Da się wyżyć ze sprzedaży samochodów?
- Ciężko, bo koszty rosną, a każdy chce kupić jak najtaniej. Nowe przepisy także uderzają w tę branżę. Teraz każdy sprowadzony samochód trzeba zarejestrować. Inaczej nie można go sprzedać. A po sprzedaży trzeba go przerejestrować. Na rynku jest bardzo dużo osób, które obchodzą podatki i sprzedają klientom auta poprzez wręczanie im faktur zakupu auta np. z Niemiec i wysyłają kupujących do urzędu skarbowego.
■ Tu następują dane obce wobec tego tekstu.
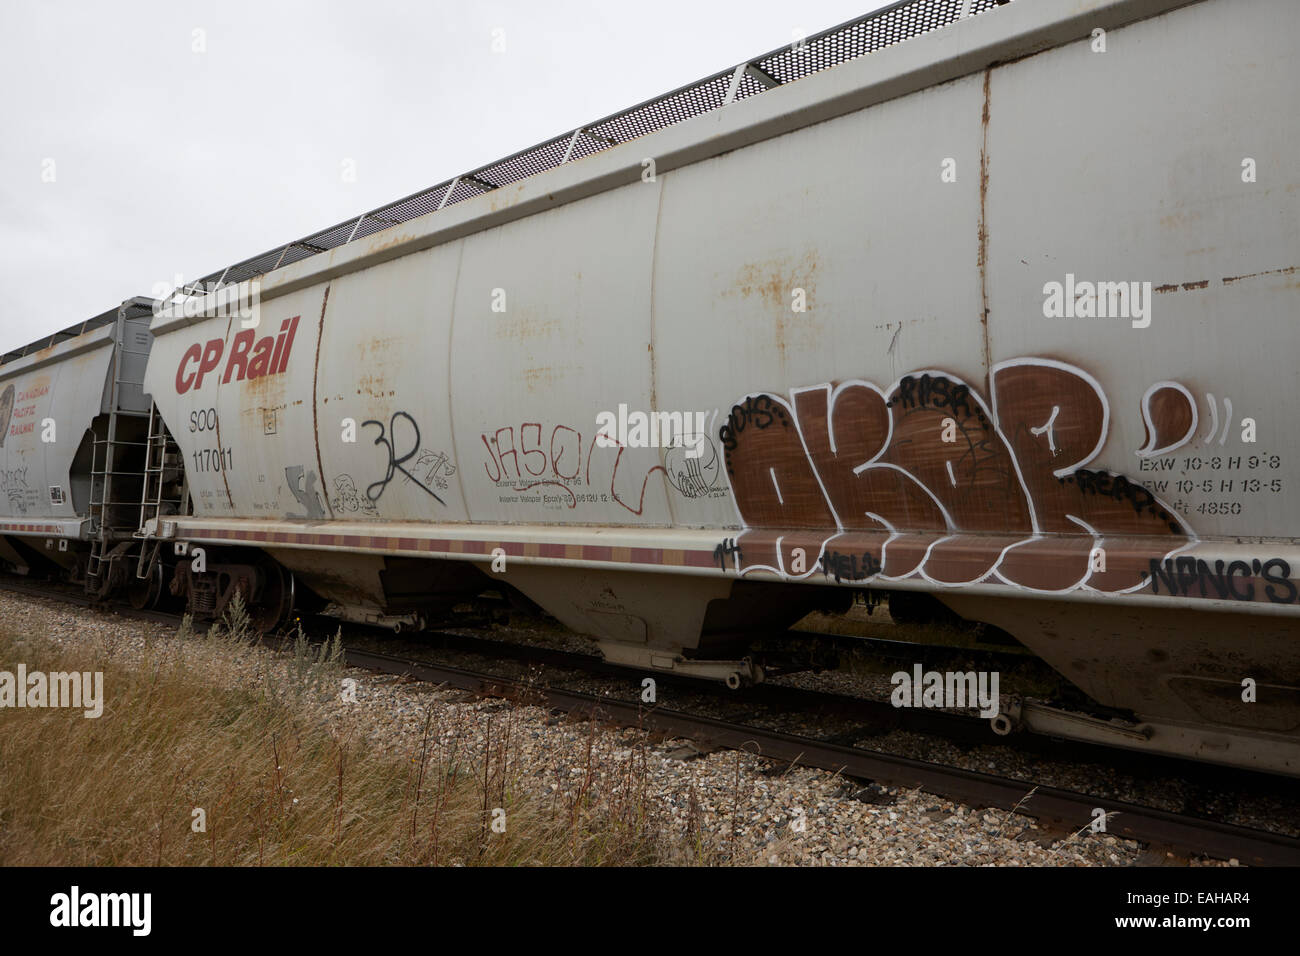 Cp del trasporto ferroviario di merci carrelli granella con tag graffiti su ex Canadian Pacific railway Saskatchewan Canada Foto Stock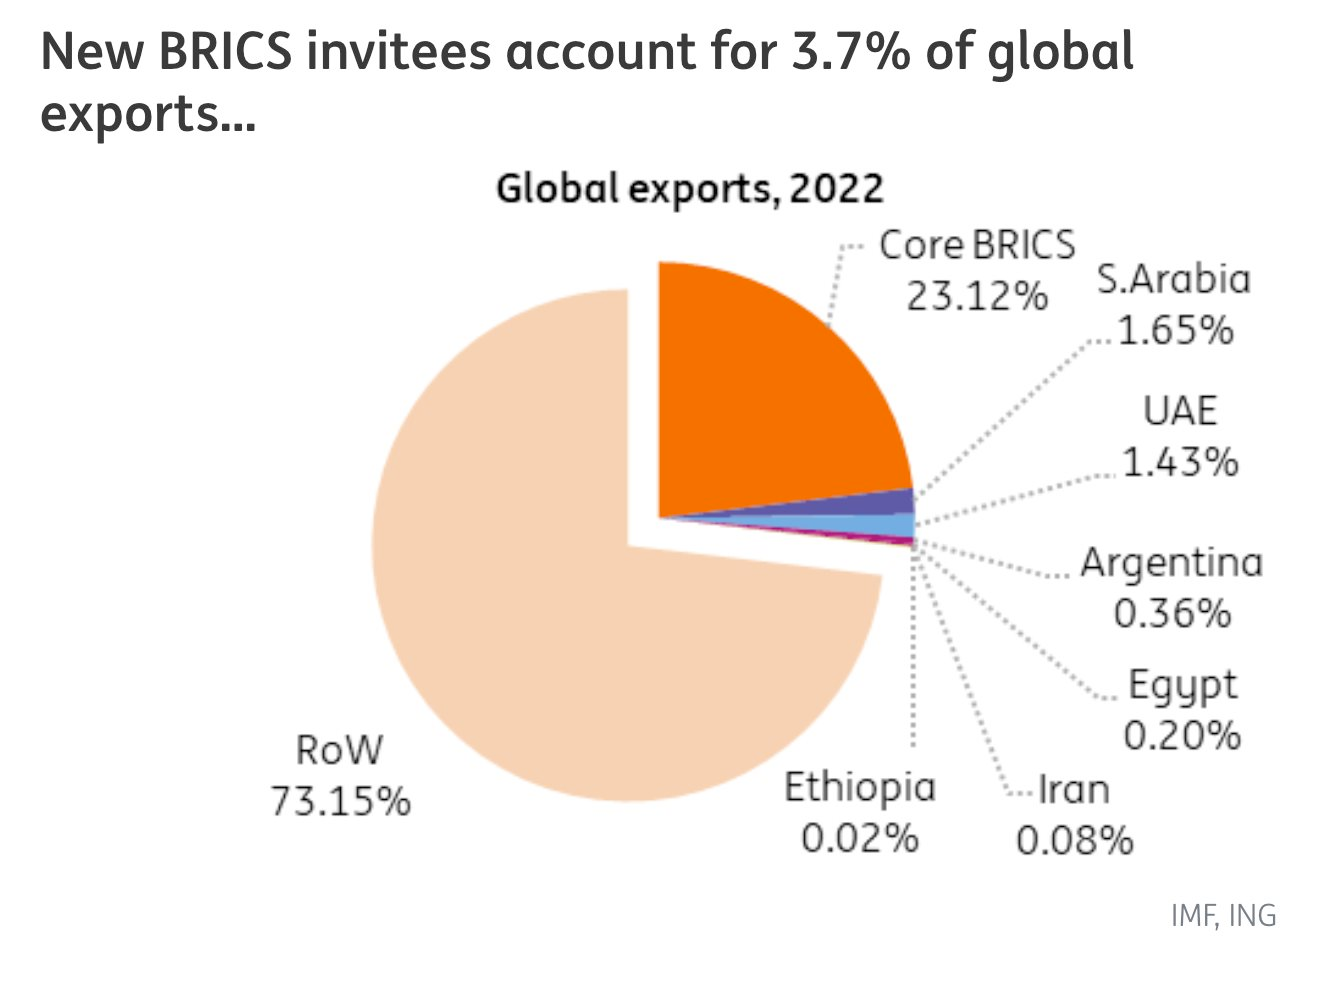 Đã có Nga, BRICS vẫn quyết định áp dụng ‘chiến lược 1+3’, dự kiến đủ sức mạnh nắm trong tay quyền kiểm soát thị trường ‘vàng đen’ toàn cầu - Ảnh 2.

Mają wtedy mniejsze koszty i są nieuczciwą konkurencja dla osób zarejestrowanych i legalnie działających.
Jak pana zdaniem będzie wyglądać za dziesięć rynek samochodów używanych?
- Nie umiem na to pytanie odpowiedzieć co będzie za dziesięć lat, gdyż nie wiemy jakie będą uregulowania prawne, do tego coraz więcej osób sprzeciwia się pomysłom zabronienia produkcji aut spalinowych.